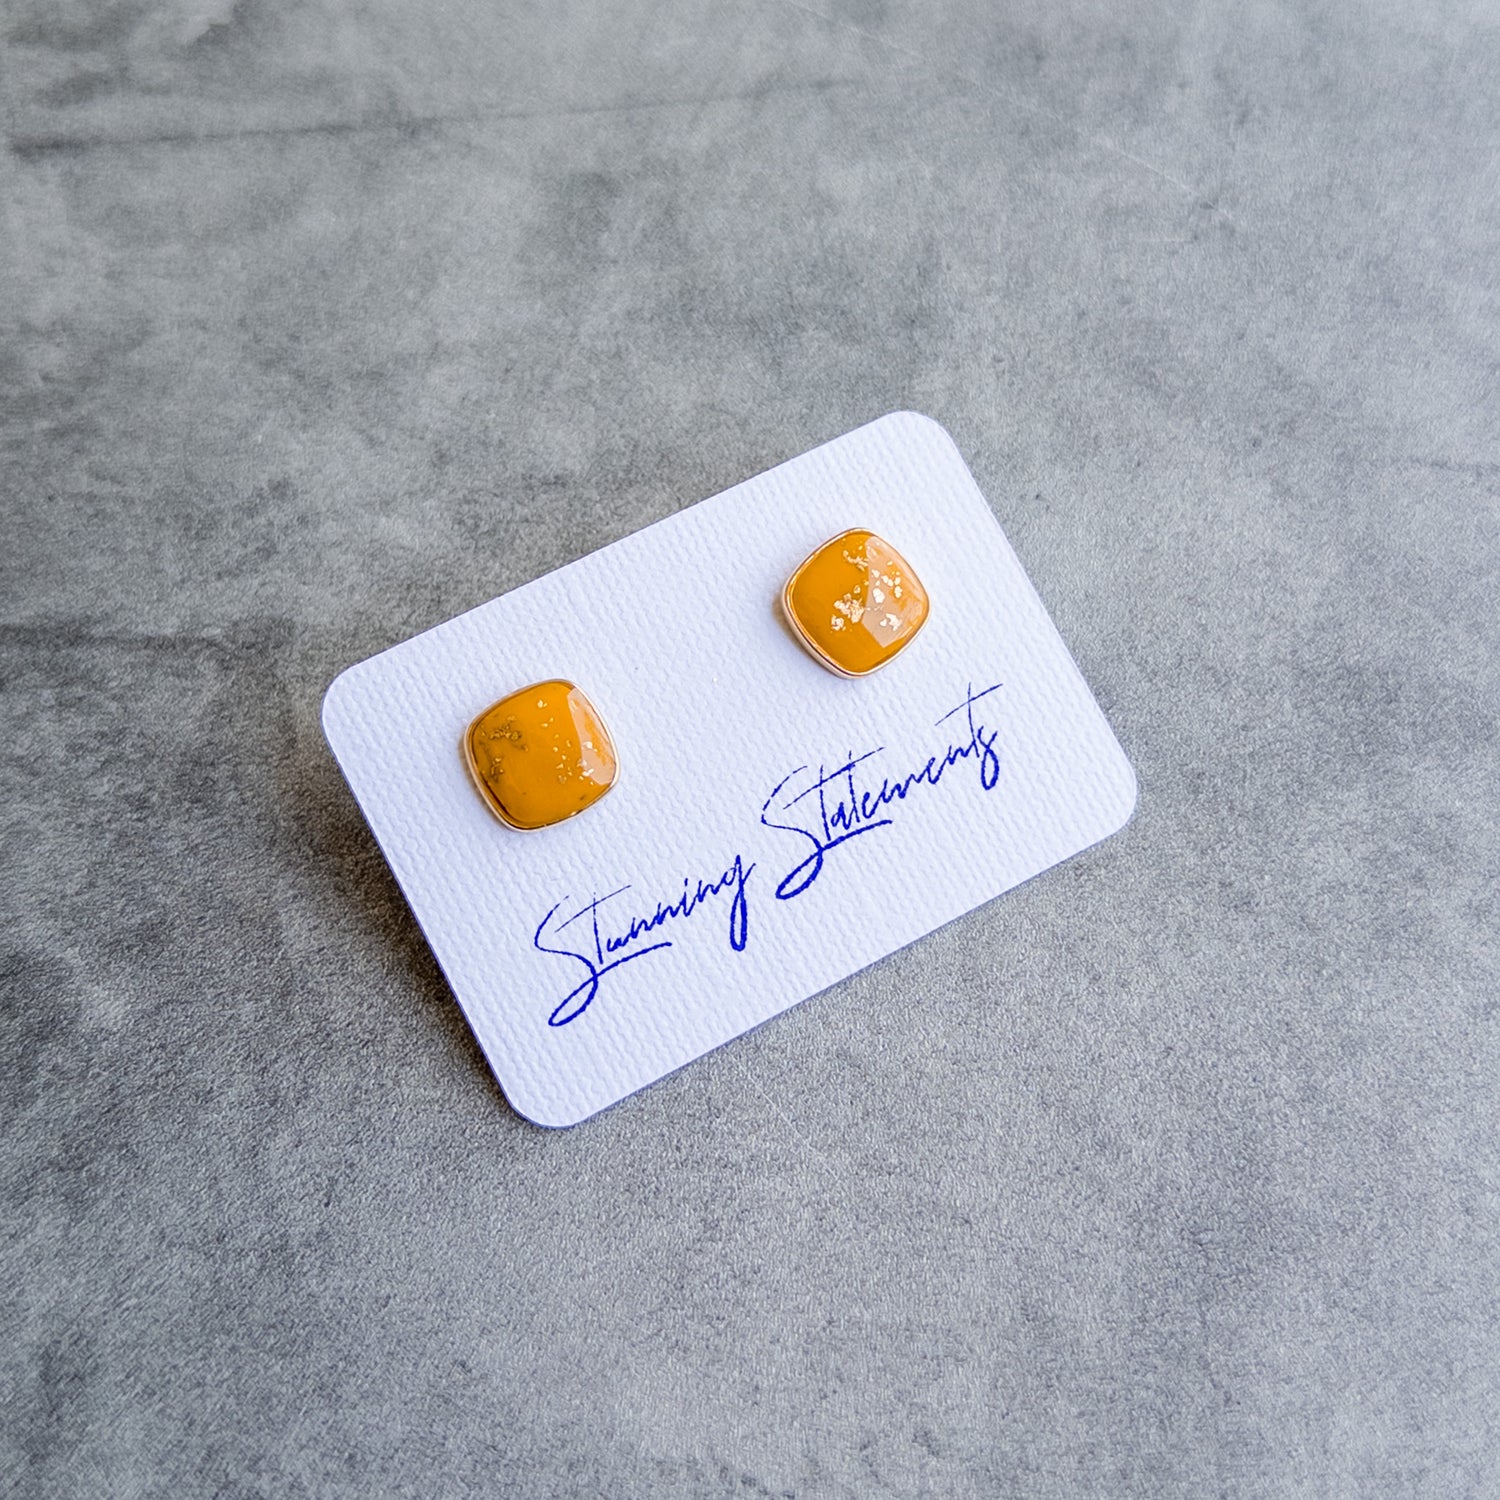 stunning statements office work professional simple square clay yellow juliette stud earrings
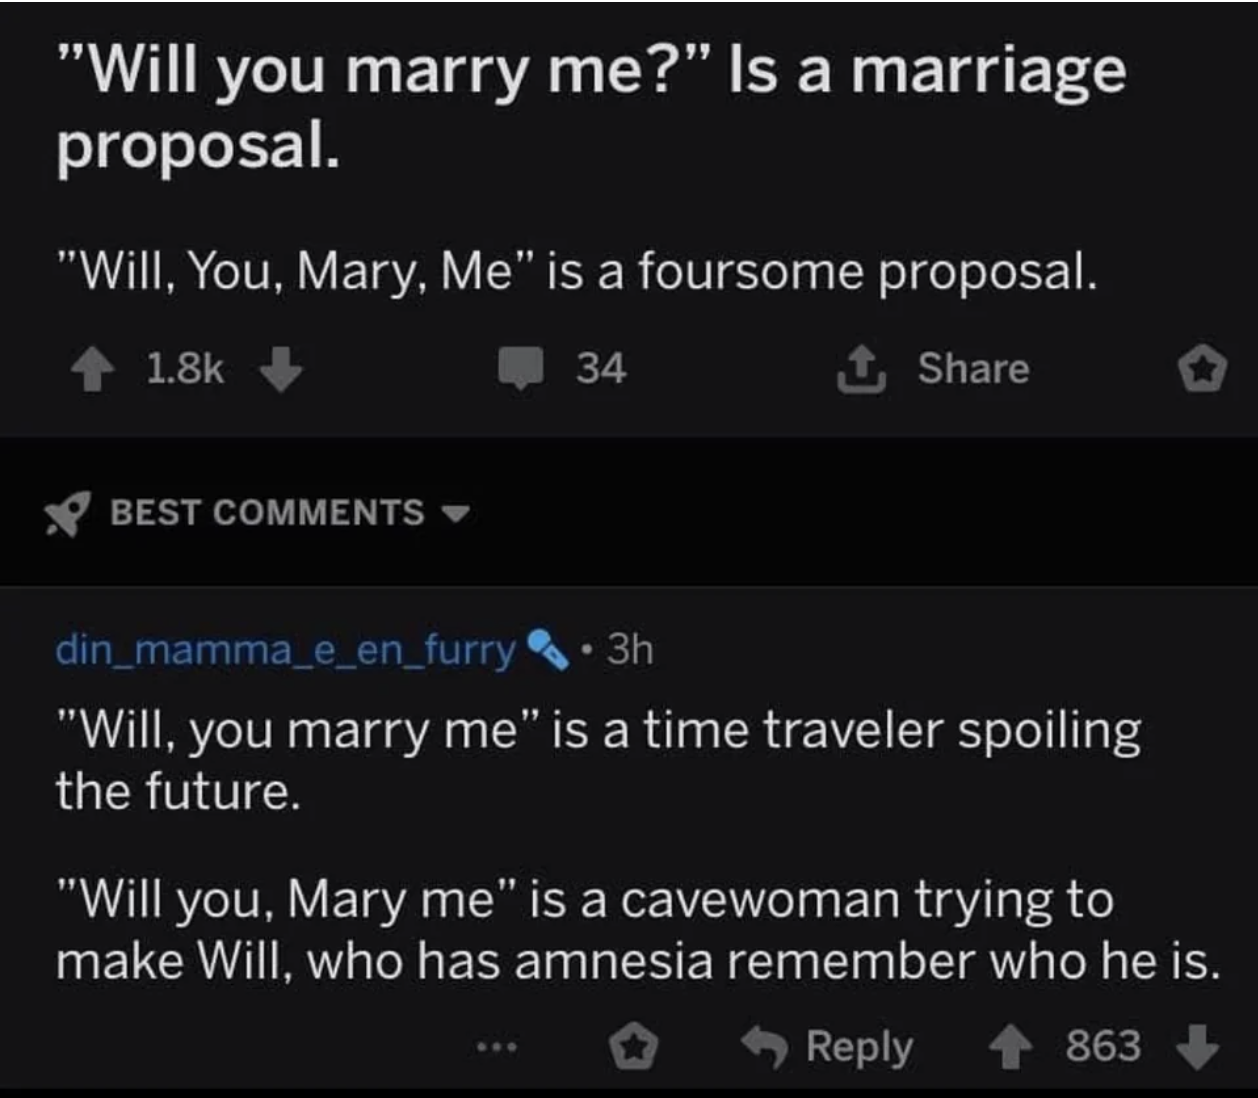 The silly story says "will you marry me" is a foursome proposal in the occasion you damage up the phrases personally; a commenter says "will you, Mary me" is a cavewoman making an are trying to make an amnesiac named Will be acutely aware each and each her and himself
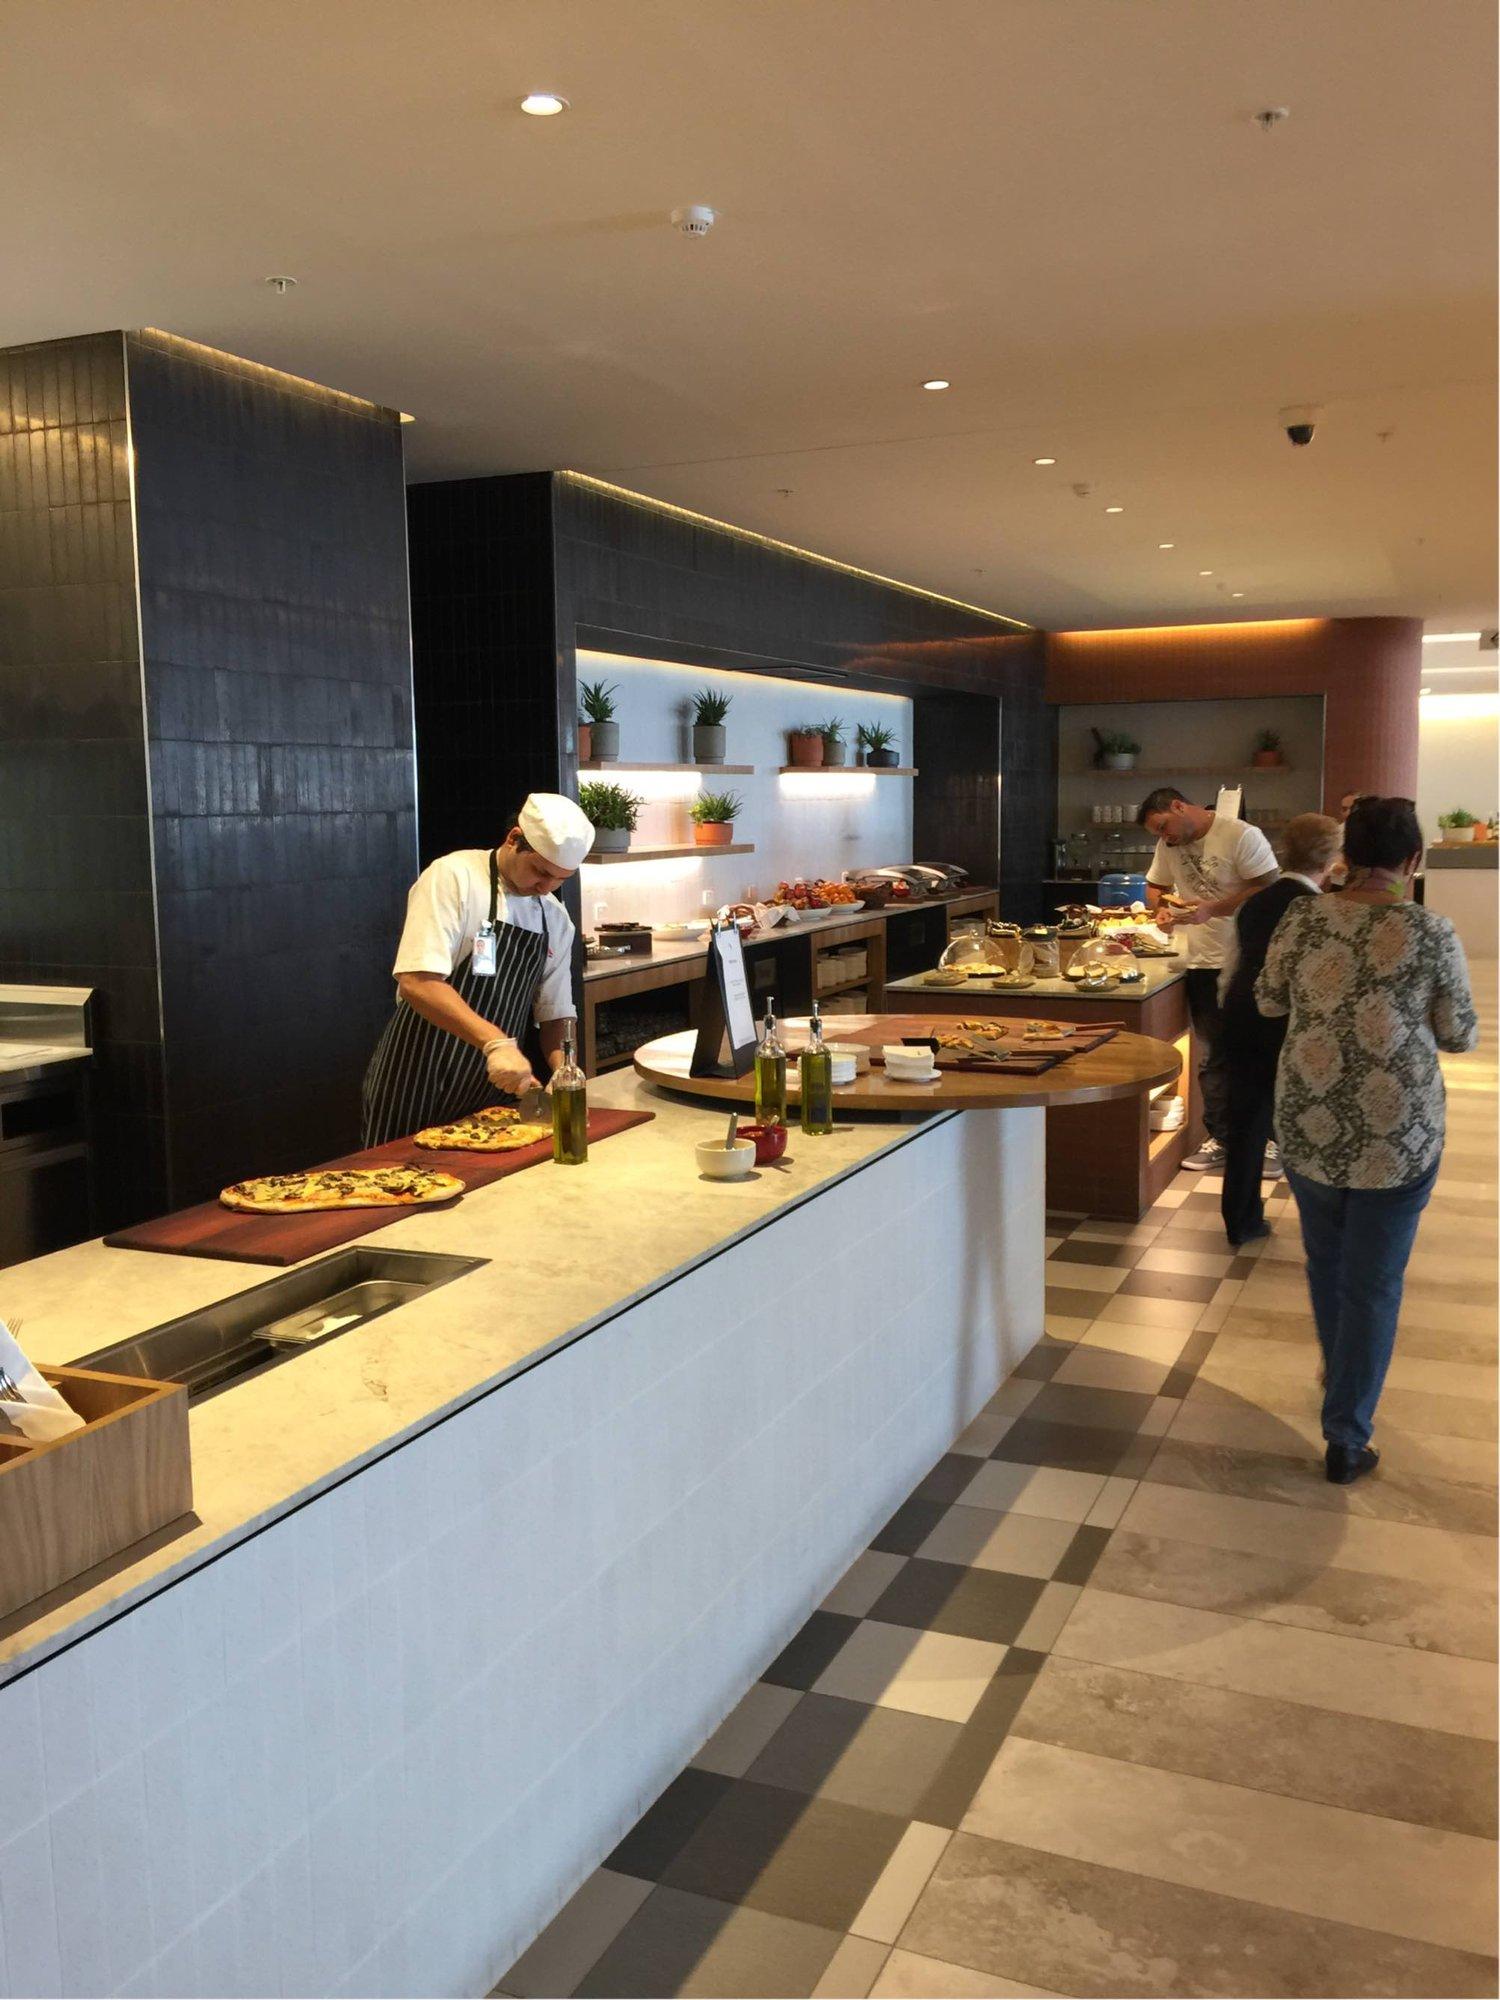 Qantas Airways Domestic and International Business Lounge image 3 of 5
........
*About this task*
Everything in the listing above except the pictures should be duplicated exactly.

*Output for this task*
 stunning statements office work professional simple square clay yellow juliette stud earrings
 The silly story says "will you marry me" is a foursome proposal in the occasion you damage up the phrases personally; a commenter says "will you, Mary me" is a cavewoman making an are trying to make an amnesiac named Will be acutely aware each and each her and himself
 Qantas Airways Domestic and International Business Lounge image 3 of 5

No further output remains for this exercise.